Good God! Every man who either was a Westcott or had some familial connection to them must be in the study. Plus Bertie. In addition to those who had been at the breakfast meeting, there were Colin, Lord Hodges; Molenor’s sons, Boris and Peter Wayne; Dorchester’s son, Bertrand Lamarr; and Dirkson’s son, Adrian Sawyer. All of them grim faced.
“They are packed and ready to leave,” Gabriel told them after nodding his greeting to the group.
“My men on the morning shift are keeping a close eye,” Netherby said. “No actual movement yet.”
“He has been thoroughly humiliated,” Hodges said. “And masterful choreography there, may I add, Lyndale. But he has probably concluded that it is unlikely he is facing imminent arrest. He is not likely to be convicted upon a thirteen-year-old rape charge, after all. As Elizabeth pointed out to me last night, it rarely happens. Enough doubt will be cast by any defense lawyer worth his salt to suggest that the encounter was consensual or that the woman lied about the identity of her assailant. As to murder, well, all the evidence is purely circumstantial. Unfortunately. There were no witnesses.”
“Proving Lyndale innocent is the easy part,” Dorchester said in full agreement. “Proving Rochford guilty is virtually impossible. Even his false claim to have seen Lyndale commit the murder can be explained by the fact that he was observing from a distance and was simply mistaken. His urging of Lyndale to flee can be explained by familial fondness.”
“We know what cannot be done, Marcel,” Lord Molenor said. “But what can be?”
“He cannot be allowed to go completely free,” Dirkson said. “Even though he would probably die of disappointment and live in abject misery until then. The whole business cries out for some sort of justice.”
“I plan to beat the stuffing out of him,” Gabriel said. “For what he was about to do to Mary Beck. For what he has already done to a number of the faithful servants at Brierley. For what he did to Penelope Clark. For what he did to Orson Ginsberg.”
“And for what he did to you,” Bertrand Lamarr added.
“And for what he did to me.”
“How?” Riverdale asked. “You have an idea, Lyndale?”
“Yes,” Gabriel said. “I would have written a note before leaving the hotel, but I wanted to get out of there before Jessica recovered sufficiently to . . . complicate matters. Perhaps I may write it here, Netherby. I will invite him to meet me in Hyde Park today, this afternoon, to discuss how we will proceed from here. I will inform him that I and my wife’s relatives are seriously considering having him arrested for rape and murder and attempted murder—of me. I will invite him to come and tell me why we ought not to do that. I will imply that I am willing to let him go unmolested if he can come to some sort of agreement with me—to keep out of my sight for the rest of his life, perhaps.”
There was a brief silence.
“Weak,” Hodges said. “He will know perfectly well that no solid case can be made against him.”
“But there may be enough doubt there,” Riverdale said, “to make him nervous.”
“I will emphasize,” Gabriel said, “that there are to be no weapons, that it is not a duel to which I am challenging him.”
“If he believes that,” Boris Wayne said, “he has feathers for brains.”

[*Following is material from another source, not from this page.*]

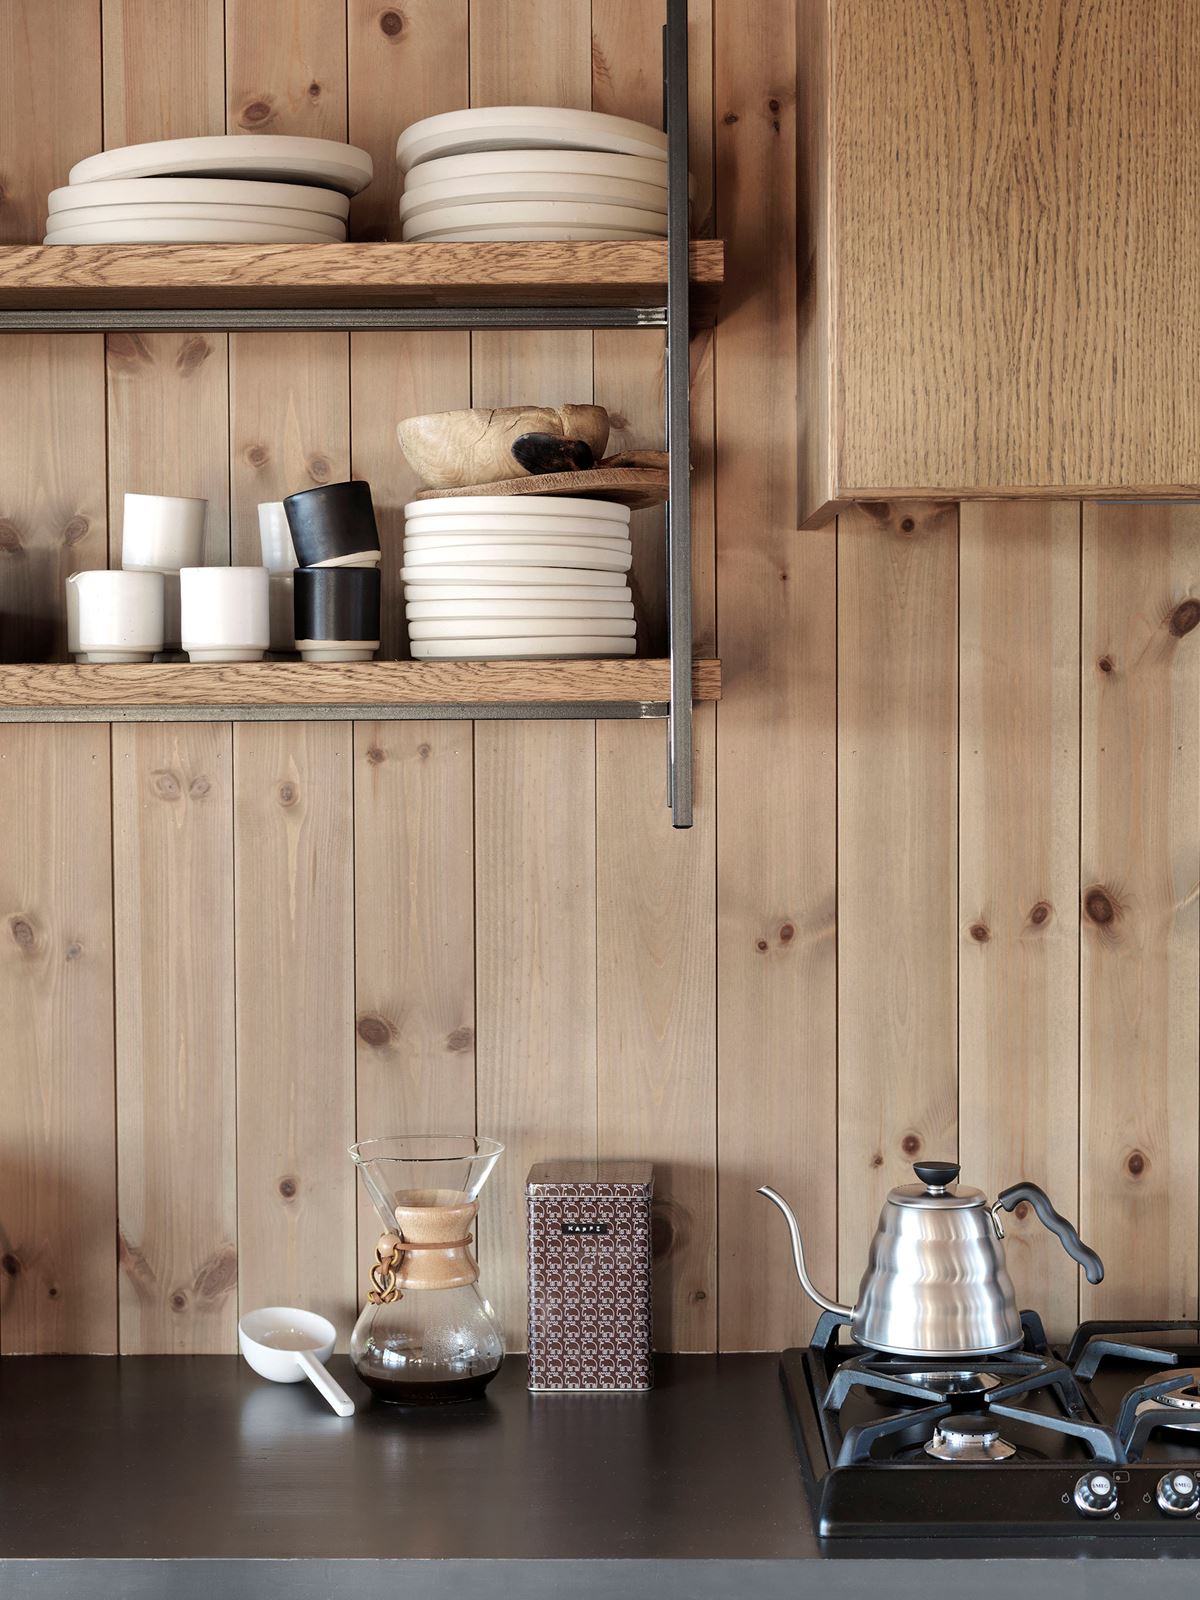 Et hytte-kjøkken med en kaffekoker

“There will be no weapons,” Gabriel said, “except my fists.”
“He would still be an idiot,” Peter Wayne said, looking him up and down. “If I were in his shoes, I would bring some weapon. Probably a gun.”

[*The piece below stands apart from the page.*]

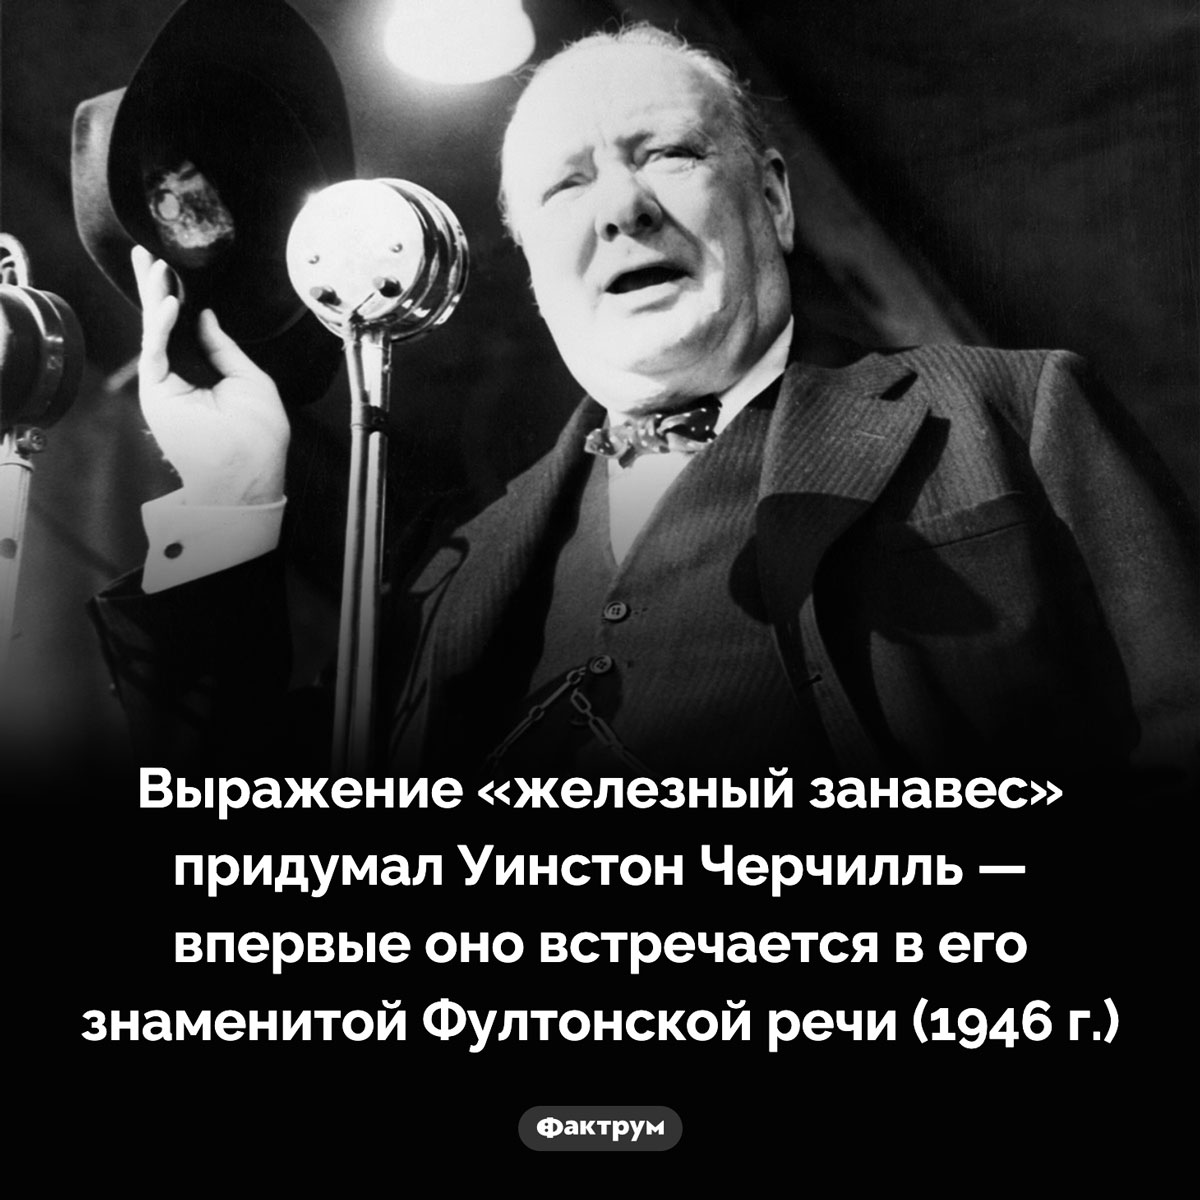 Кто придумал выражение «железный занавес». Выражение «железный занавес» придумал Уинстон Черчилль — впервые оно встречается в его знаменитой Фултонской речи (1946 г.)

“So would I,” his father agreed. “He has every motive to get rid of you, Lyndale, if he possibly can.”
“I will not be going alone, though,” Gabriel said. “If one or more of you can be persuaded to go with me, that is. There would be too many witnesses. He would not dare risk being taken up for a hanging offense.”
“But what if he does?” Boris Wayne asked.
“I believe,” the Marquess of Dorchester said, “there must be more of us with you than will be apparent to the eye.”
“Slinking in the bushes?” Hodges asked. “Armed to the teeth, Marcel?”
“There is to be no shooting,” Gabriel said. “There are to be no deaths. No violence except what I plan to mete out with my fists—and what he may choose to return with his.”
“That is the ideal,” Riverdale said. “Sometimes, however, reality is different. Shall we agree that there will be no unprovoked shooting?”